Task instructions:
Beginning with the first line, return the material verbatim and without pictures.

[Given data — start]

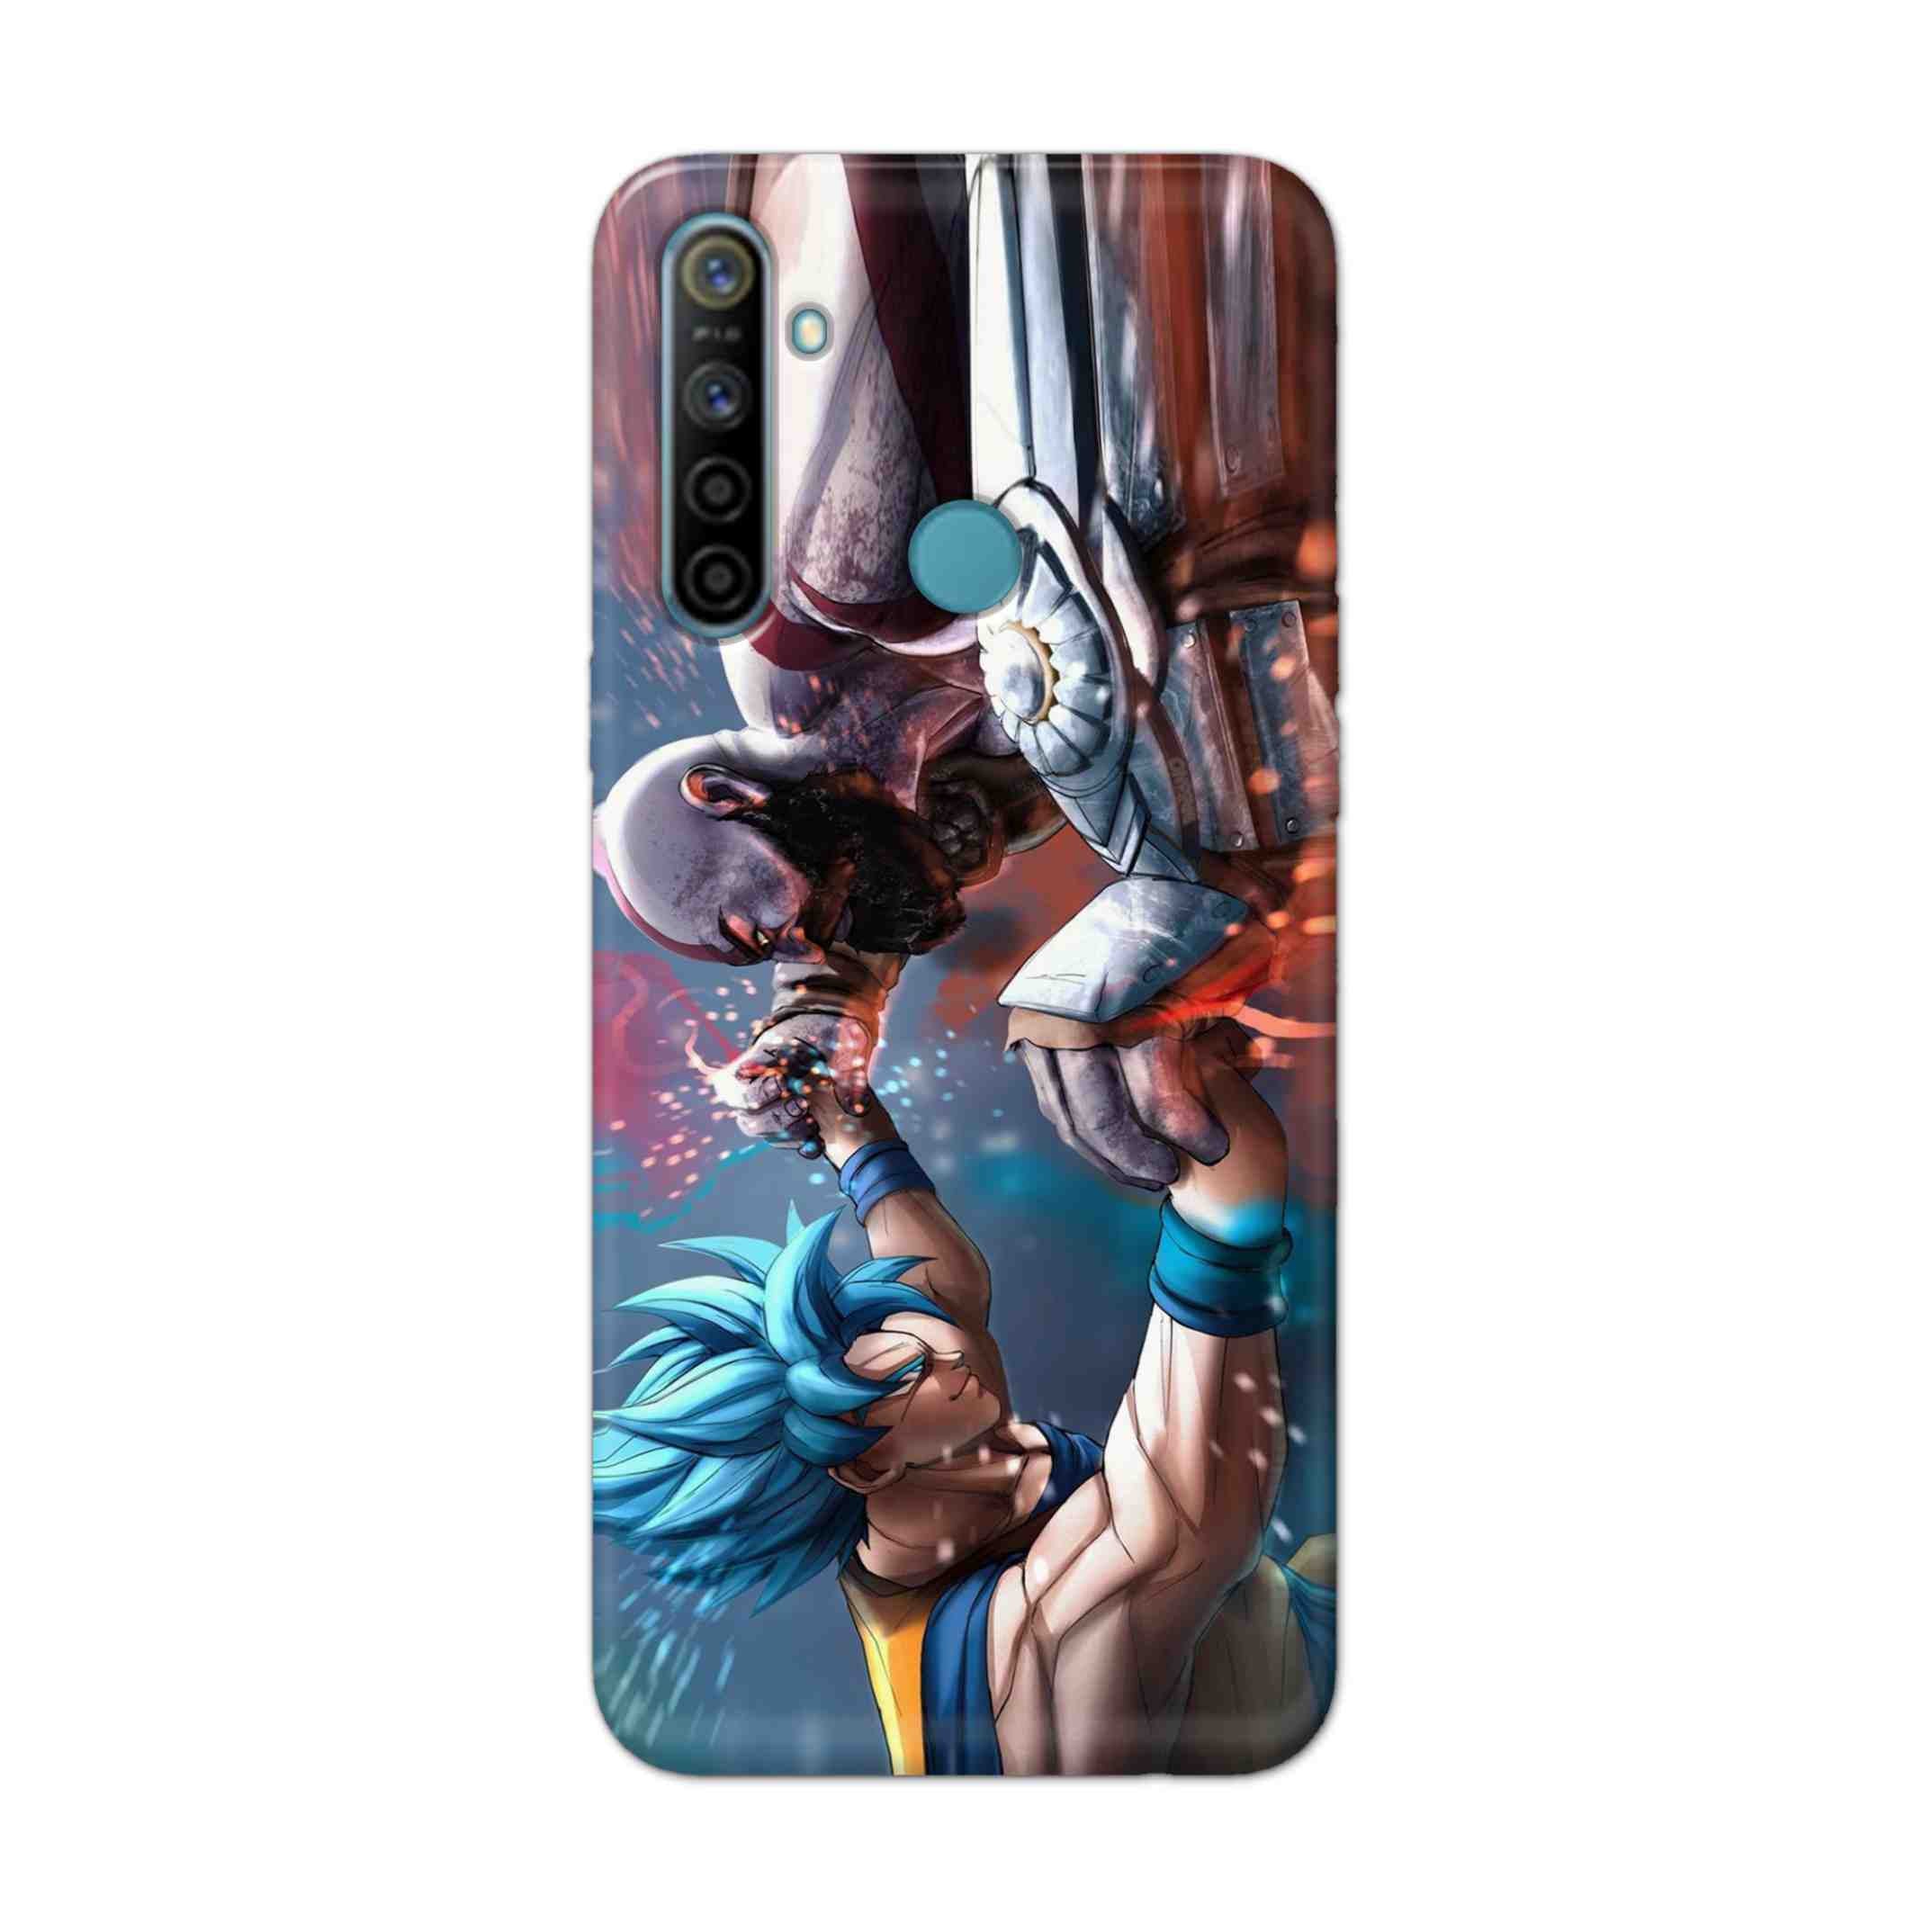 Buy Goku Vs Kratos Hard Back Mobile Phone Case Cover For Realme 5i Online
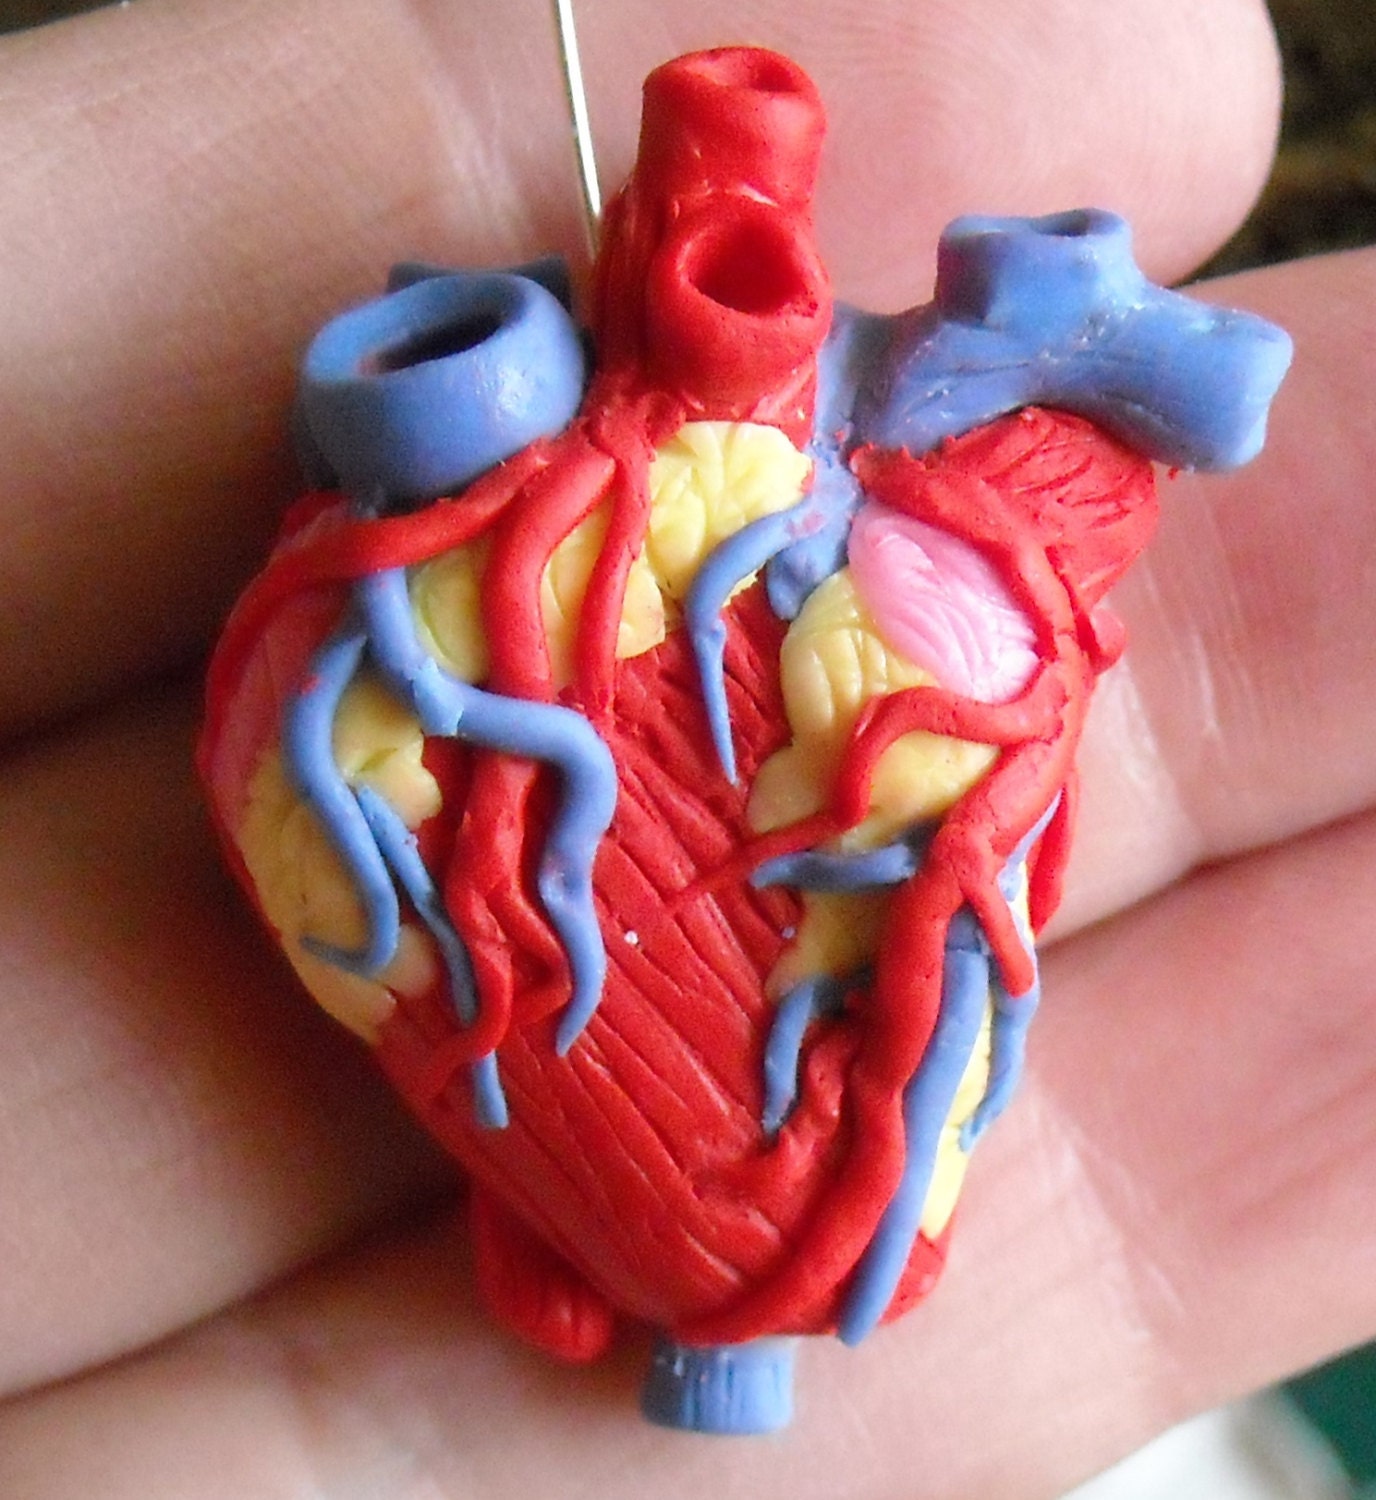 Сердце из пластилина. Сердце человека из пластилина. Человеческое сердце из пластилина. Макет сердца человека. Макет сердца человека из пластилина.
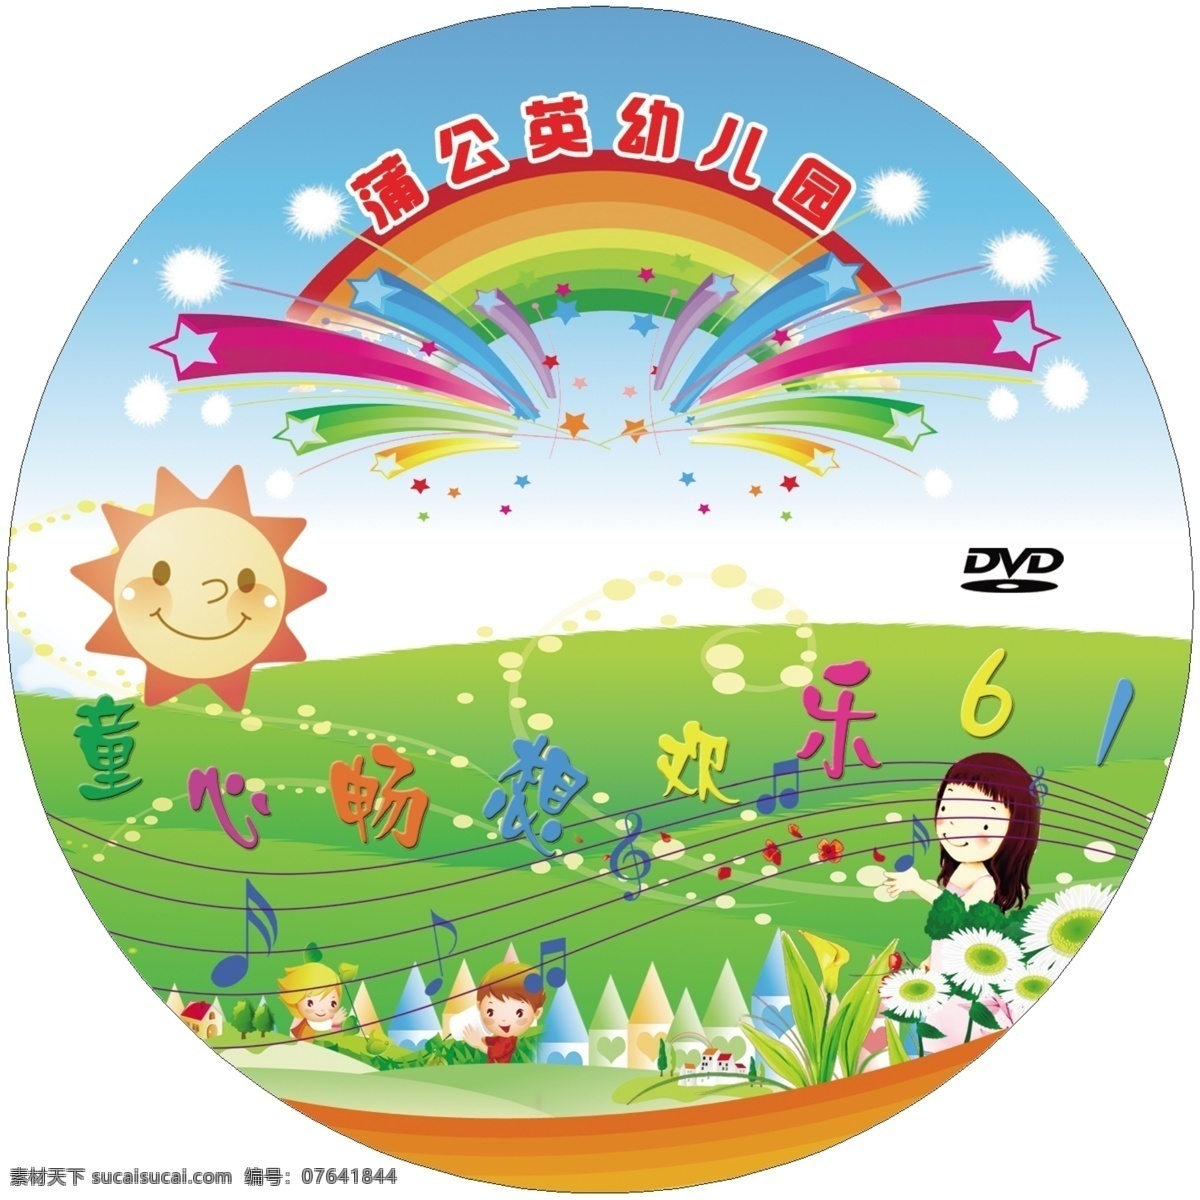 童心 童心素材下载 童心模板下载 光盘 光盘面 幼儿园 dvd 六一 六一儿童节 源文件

[Given data — finish]

Reply to the task:
 Buy Goku Vs Kratos Hard Back Mobile Phone Case Cover For Realme 5i Online
 Сердце из пластилина. Сердце человека из пластилина. Человеческое сердце из пластилина. Макет сердца человека. Макет сердца человека из пластилина.
 童心 童心素材下载 童心模板下载 光盘 光盘面 幼儿园 dvd 六一 六一儿童节 源文件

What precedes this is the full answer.